▶ _Activity_
For this exercise, output the entries below exactly from the line that holds "Elle MacPherson 2020" to the line that holds "Design Microwave Grill Bmg 20 Caso", both ends included. No pictures belong in the copy.

▶ _Given entries_
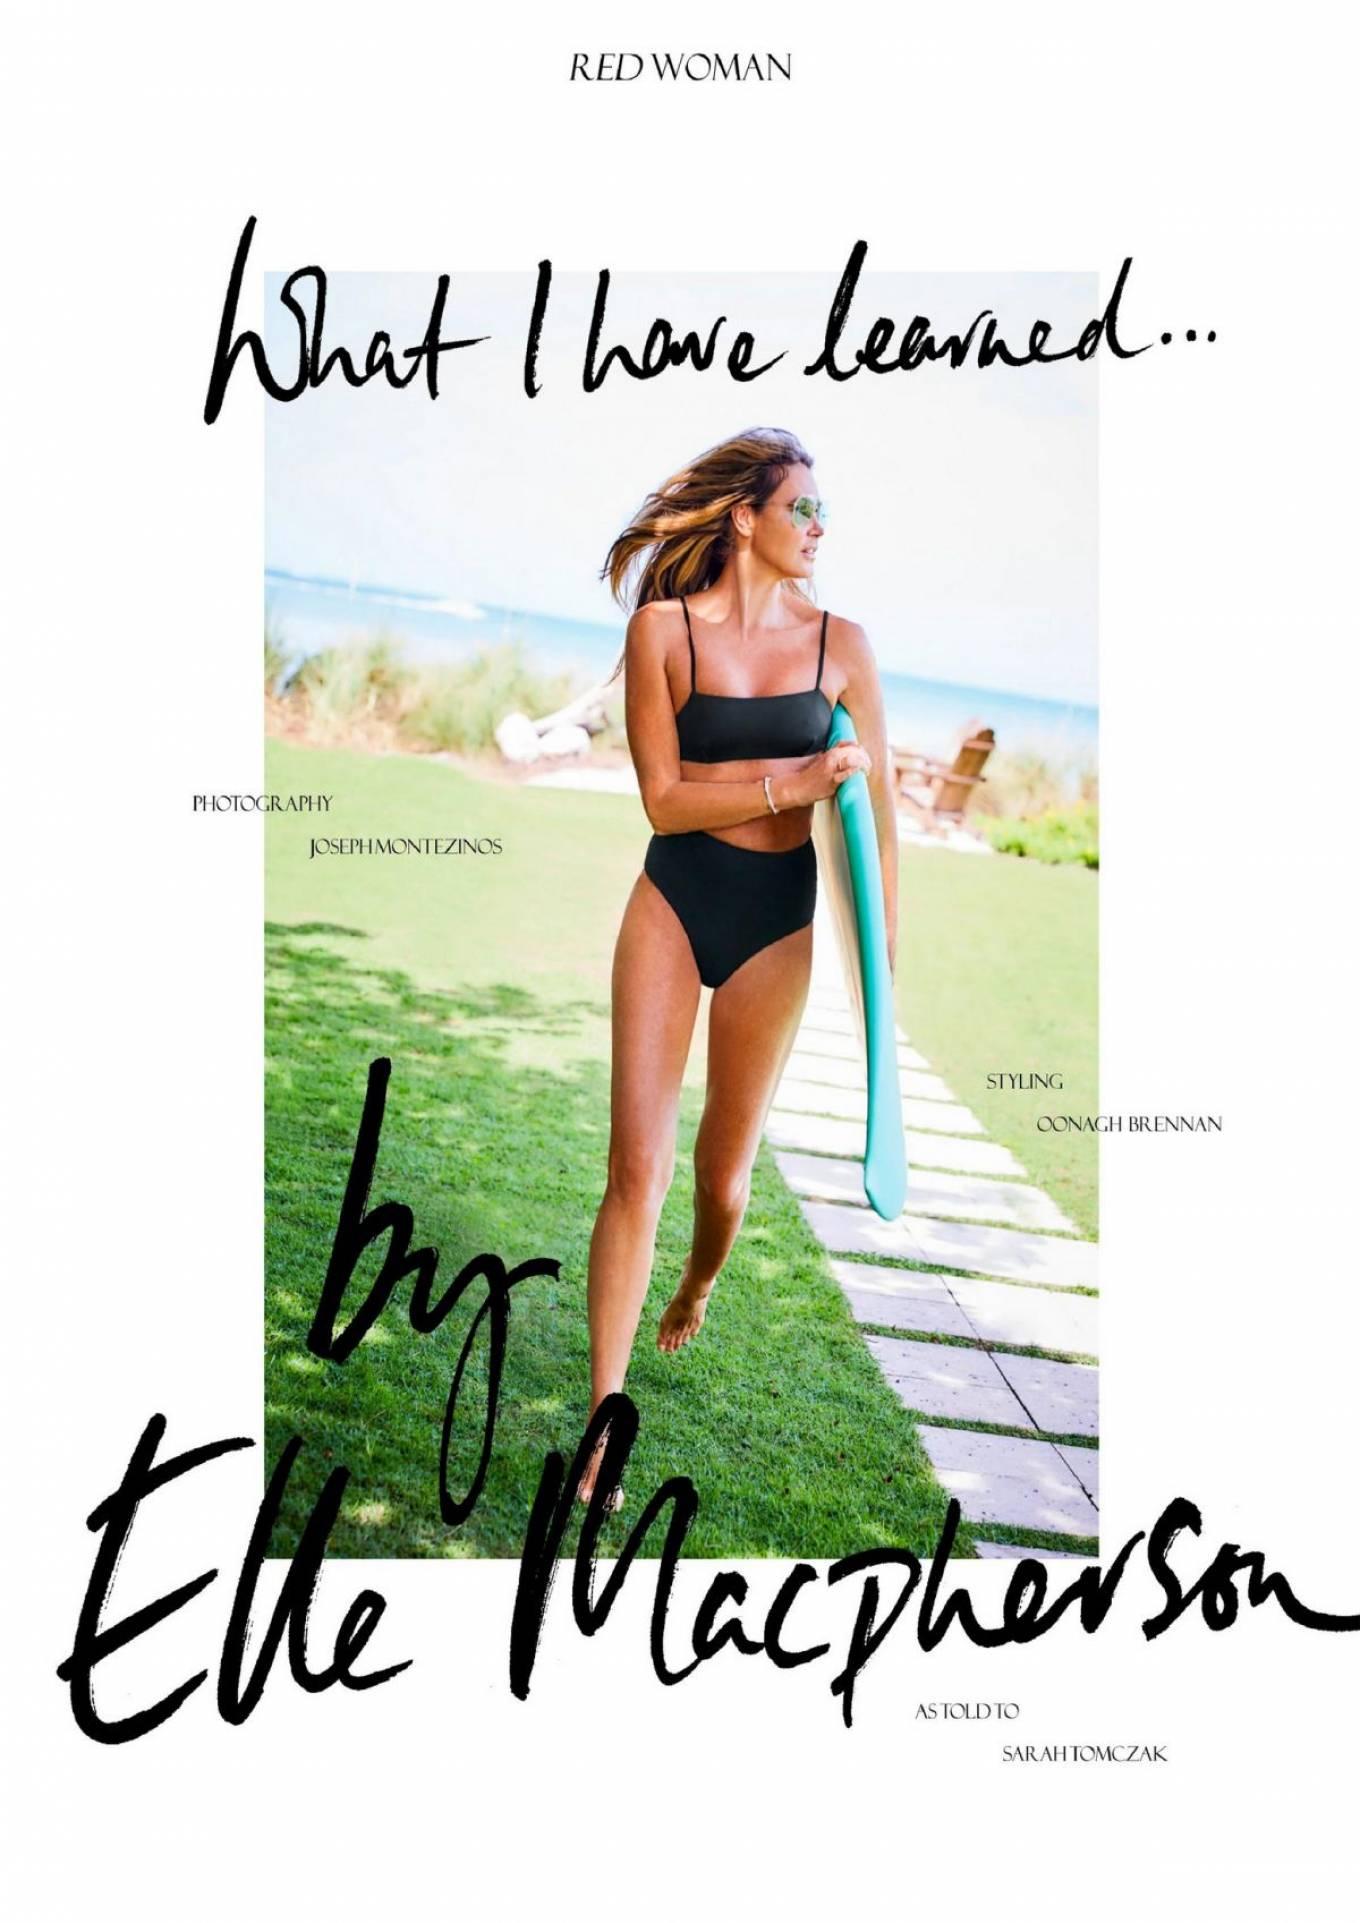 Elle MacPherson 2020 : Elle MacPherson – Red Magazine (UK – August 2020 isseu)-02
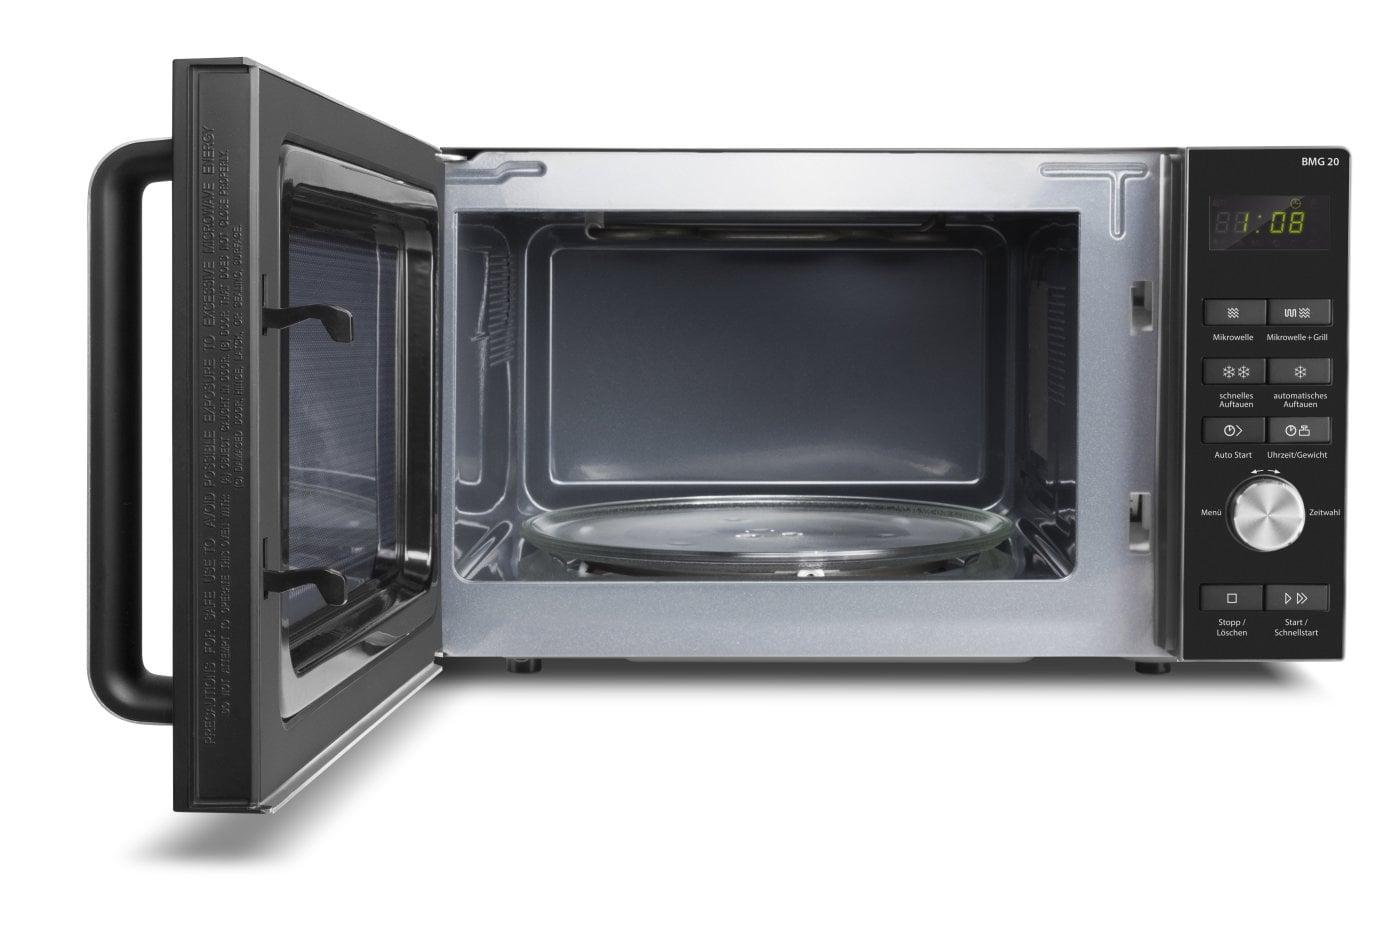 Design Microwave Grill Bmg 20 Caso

--

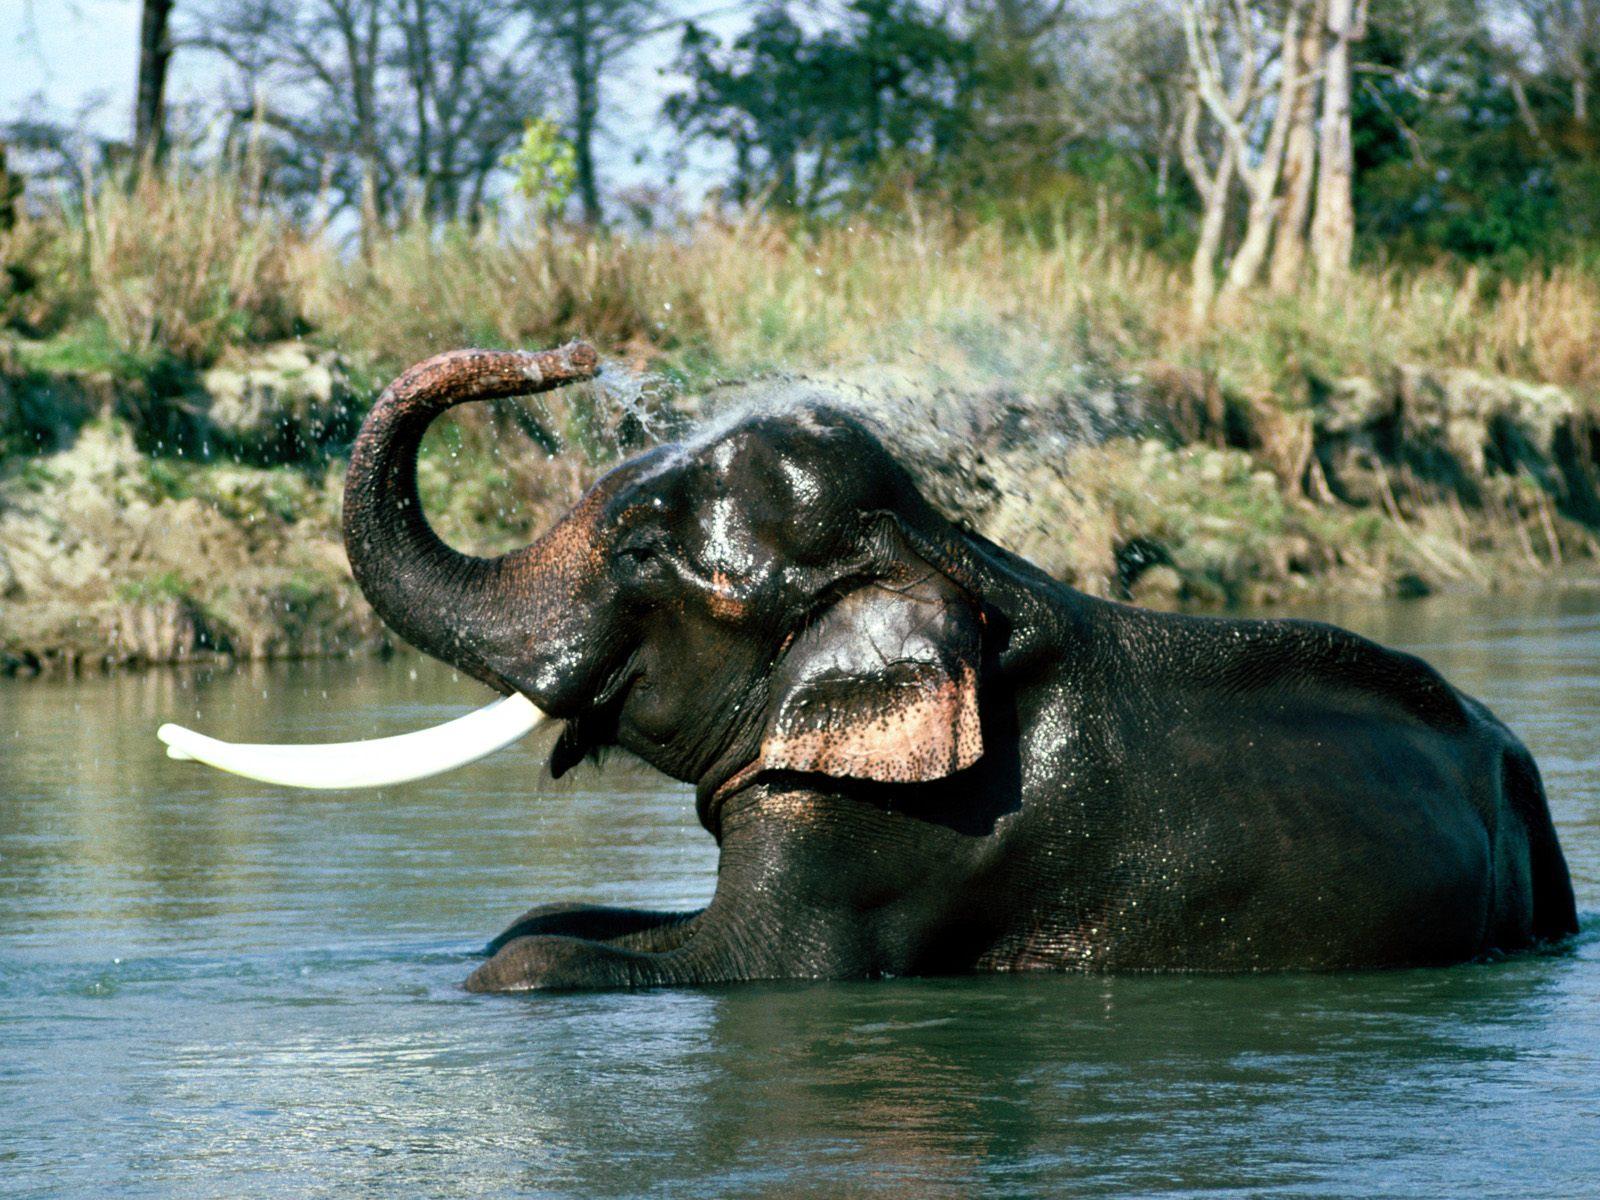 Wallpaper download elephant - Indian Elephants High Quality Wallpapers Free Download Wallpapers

▶ _Response to this task_
 Elle MacPherson 2020 : Elle MacPherson – Red Magazine (UK – August 2020 isseu)-02
 Design Microwave Grill Bmg 20 Caso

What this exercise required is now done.